Before his classic book “The High Cost of Free Parking” was first published in 2005, he also researched and helped influence California state legislation related to Deferred Special Assessments and Graduated Density Zoning, both creative solutions to the problem of infrastructure finance, especially in low-income areas.
His work on “cashing out” employer-paid parking became accepted practice and influenced both federal and state legislation.
Before Shoup’s work, parking policy was an afterthought in planning, rarely discussed by academics, and implemented mechanically by practitioners without regard to a market-based view of parking
space requirements.
space requirements.
Shoup focused on developing creative solutions to the problems caused by mandated and underpriced parking – how to dynamically price curb parking to bring supply in line with demand and thereby eliminate the need for off-street parking requirements.
Professor Shoup is retiring this summer after more than four decades of service to UCLA’s Department of Urban Planning. Widely recognized as the “parking guru,” Shoup’s most notable contribution to urban planning is his research demonstrating that “free” parking comes with enormous hidden costs.
His concepts and solutions are used throughout the world, and are becoming best-practice for much of the field of parking management – influencing how people are more likely to drive less, thus reducing traffic, lowering pollution and reducing costs for their communities. He is frequently quoted as saying: “Free parking for cars and expensive housing for people is not the path to a great city!”
• From Steffen Turoff, AICP, Director of Planning Studies at Walker Parking Consultants
Don Shoup, as a young professor of urban planning in 1974, read a research paper written by two graduate students in USC’s Masters of Public Administration program. Bill Francis and Curt Groninga were, not coincidentally, also working in parking operations at the time they wrote “The Effects of the Subsidization of Employee Parking on Human Behavior.” Reading the research paper changed Shoup’s life; intrigued by the groundbreaking study of the intersection between parking economics, planning and psychology, Shoup began to research and to publish on this largely ignored field.
Shoup, or “Don” as his students fondly call him, went on to research the ideas that parking operators now know as part of their daily practice. He researched why these ideas work and why they should be applied not just to private parking operations, but also to public parking and more broadly to the realm of public policy and public finance.
Don has been able to communicate the ideas behind these practices plainly enough – while highlighting their importance – to make urban planners, the general public, and finally policy-makers take notice, and begin to change the way all three do planning.
Don has identified and articulated the negative impacts of not following these practices so eloquently and passionately that many, if not most, who hear him speak or read his book take up his quest to make parking and related land-use policies more effective.
It came full circle for me when, just a few years out of planning school, I interviewed with Bill Francis, by then a parking industry veteran and expert. He spoke parking consulting and operations, while I only knew what I had learned from Don in the UCLA Department of Urban Planning. But we could talk about parking, planning, the challenges clients faced, and the solutions, because Don was able to communicate these ideas to me, his planning student, and why they were important.

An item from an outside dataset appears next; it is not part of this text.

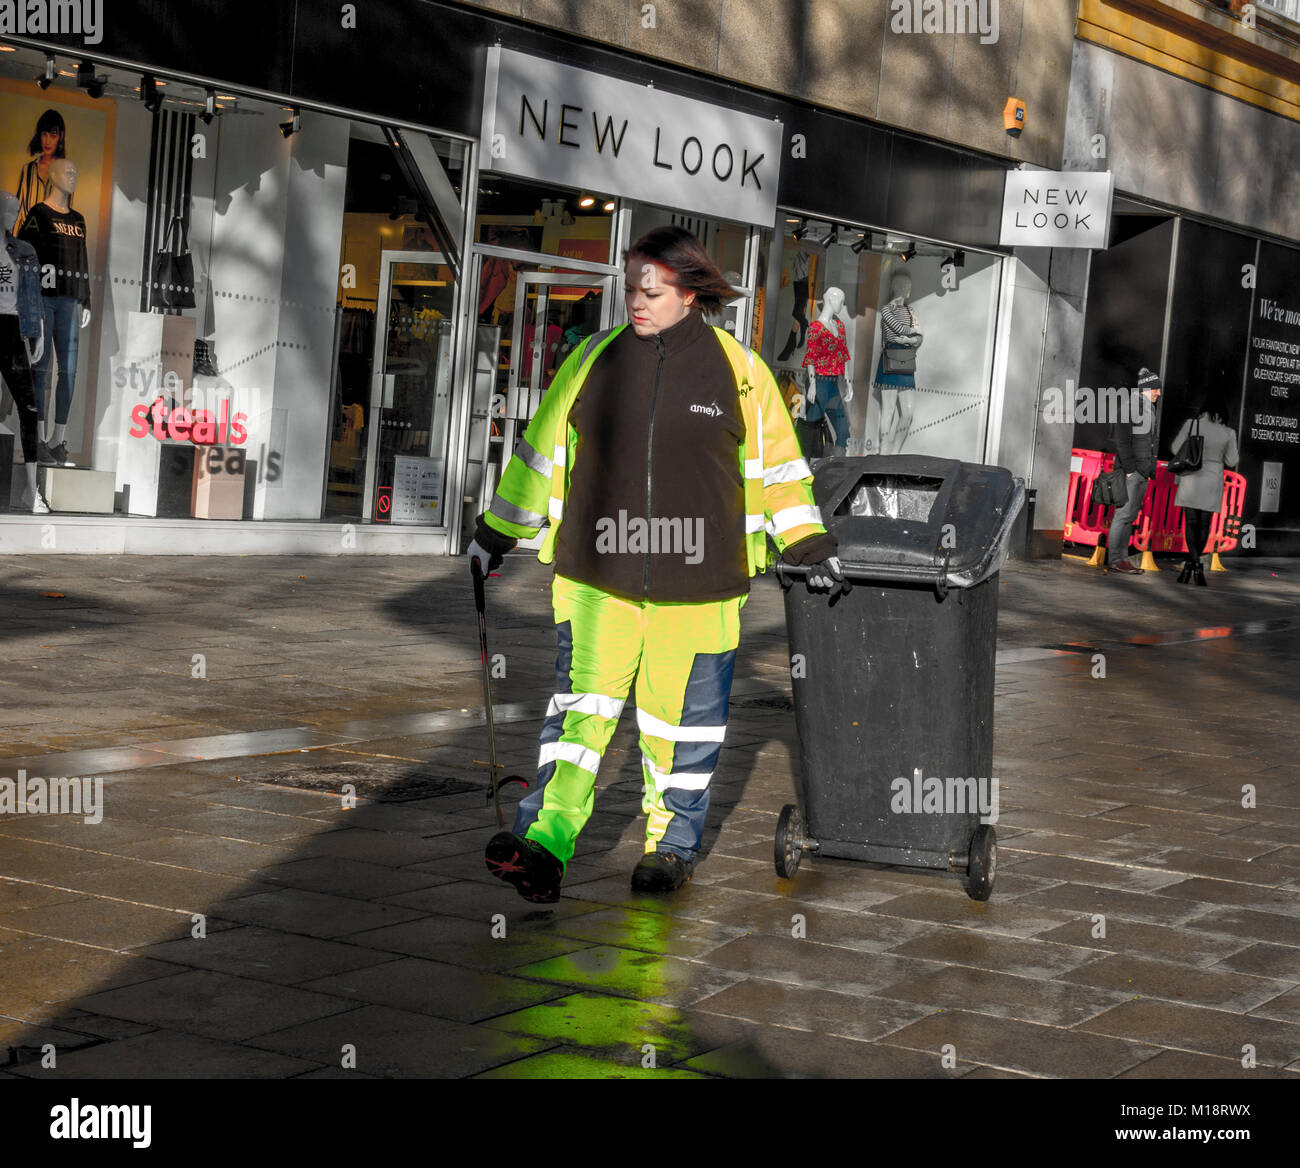 Junge Frau/Frauen verweigern und Schmutzwanne/street Cleaner, das Tragen von fluoreszierenden Kleidung. Das Stadtzentrum von Peterborough, Cambridgeshire, England, UK. Stockfoto

Don is not an ideologue or an ivory tower theoretician. He listens with great interest to the experiences of those who work in the trenches of parking, while often having little patience for those taking a more theoretical approach. He spends time wandering the aisles of the floor of parking conferences and exhibitions, listening to vendors of the latest parking technology, and he rides along with municipal parking staff to see how policies and technologies actually work in the field.
At the same time, Don, a Fellow of the American Institute of Certified Planners, opposed its parent organization, the American Planning Association itself, in its stand against a California bill to limit the amount of parking that developers are required to provide in areas well-served by transit. Further, he had little patience for the Cato Institute’s Randal O’Toole, the self-styled “Anti-planner,” and his claims that Shoup’s recommendations interfere with what is already a free market for parking in the U.S. These are just two examples that Don has challenged: the Planning Establishment and the self-styled “Anti-Planner” alike.
While some may argue that Don’s recommendations are theoretical, the opposite often is true. Don often simply asks the hard questions in straightforward terms, and forces all of us who accept the status quo to think again. From minimum parking requirements to free on-street parking, why do we continue to follow these policies when the results have been, in many places, not just poor but outright counterproductive?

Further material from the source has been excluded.